The Parrot King
Over the past 14 years, Martin Guth has built a monopoly on some of the world’s rarest birds. Will his secretive organization ultimately help put more parrots in the wild, as he says—or push them closer to extinction?
From the Summer 2020 issue of Audubon magazine
For Stephen Durand, March 16, 2018, began like most other days—with an inordinate amount of squawking. Durand lives on the Caribbean island of Dominica and oversaw the federal aviary that houses rescued parrots, including casualties of Hurricane Maria. Six months earlier, the storm had leveled large numbers of the island’s trees and stripped many more of their fruit and foliage, threatening two endemic parrot species.
The festive green Red-necked Parrot, or Jaco, and the monkish, mountain-dwelling Imperial Parrot are a source of pride for Dominicans. When their populations were at an all-time low in the 1980s, Durand helped launch an amnesty program to reclaim pet parrots for research and education. After the hurricane, he hosted International Fund for Animal Welfare veterinarians who performed surgeries under generator-powered lights. “Goal is to RELEASE back home to their wild habitat!” they wrote on Twitter that February. Four Jacos were set free and aviary staff tended to those still recuperating.
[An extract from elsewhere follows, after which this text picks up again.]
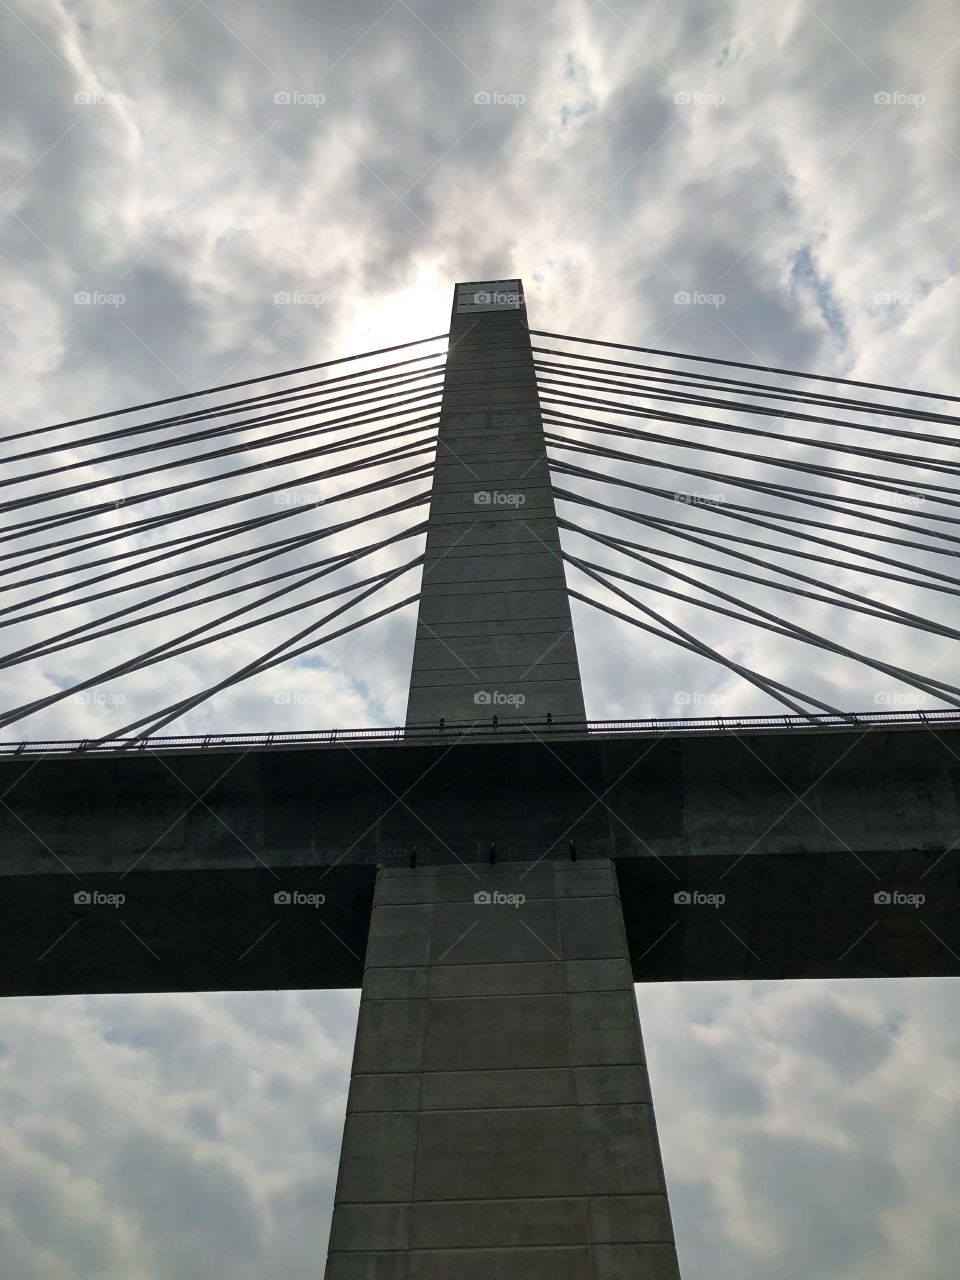 View from the ground looking up at Penobscot Bridge with cloudy sky in background

In March Permanent Secretary of Agriculture Reginald Thomas sent a memo to Durand’s boss: “None of the birds being housed at the facility should be released into the wild until further notice.” Durand had an inkling of what this was about. For years he’d been concerned about a group of deep-pocketed European parrot enthusiasts cozying up to island leadership, promising to build capacity “at a local level to better manage the island’s resources,” as they wrote in a 2012 letter. Durand was skeptical. “I had been trying to avoid these people for a long time,” he says.
Led by a German named Martin Gerhard Guth, the Association for the Conservation of Threatened Parrots (ACTP) bills itself as a nonprofit dedicated to protecting endangered parrots and their habitats. Since its founding in 2006, countries, institutions, and people across the Americas have handed over rare birds to ACTP for captive breeding to rebuild populations—including Caribbean Amazons and Spix’s Macaws, which are extinct in the wild. The organization operates a licensed zoo in Germany, and birds are also kept in the personal aviaries of ACTP’s members, who pay $1,100 to join. Surplus parrots that members and zoos don’t want are traded or sold to outside breeders. One ACTP representative, for instance, sells Hyacinth Macaw chicks at his pet shop that can go for around $18,000 apiece. How many birds are bred versus collected or sold nobody knows, because ACTP does not publicly disclose its finances or structure.
When Durand left work that Friday, he told the staff he’d be attending a funeral the next day. After services, Durand got alarming news: The parrots were gone. Several Germans, accompanied by the agriculture minister, extracted the 12 healthiest specimens. The birds were flown to ACTP’s invitation-only zoo outside of Berlin—a place that so zealously guards its flock that visitors aren’t allowed to take photos without permission.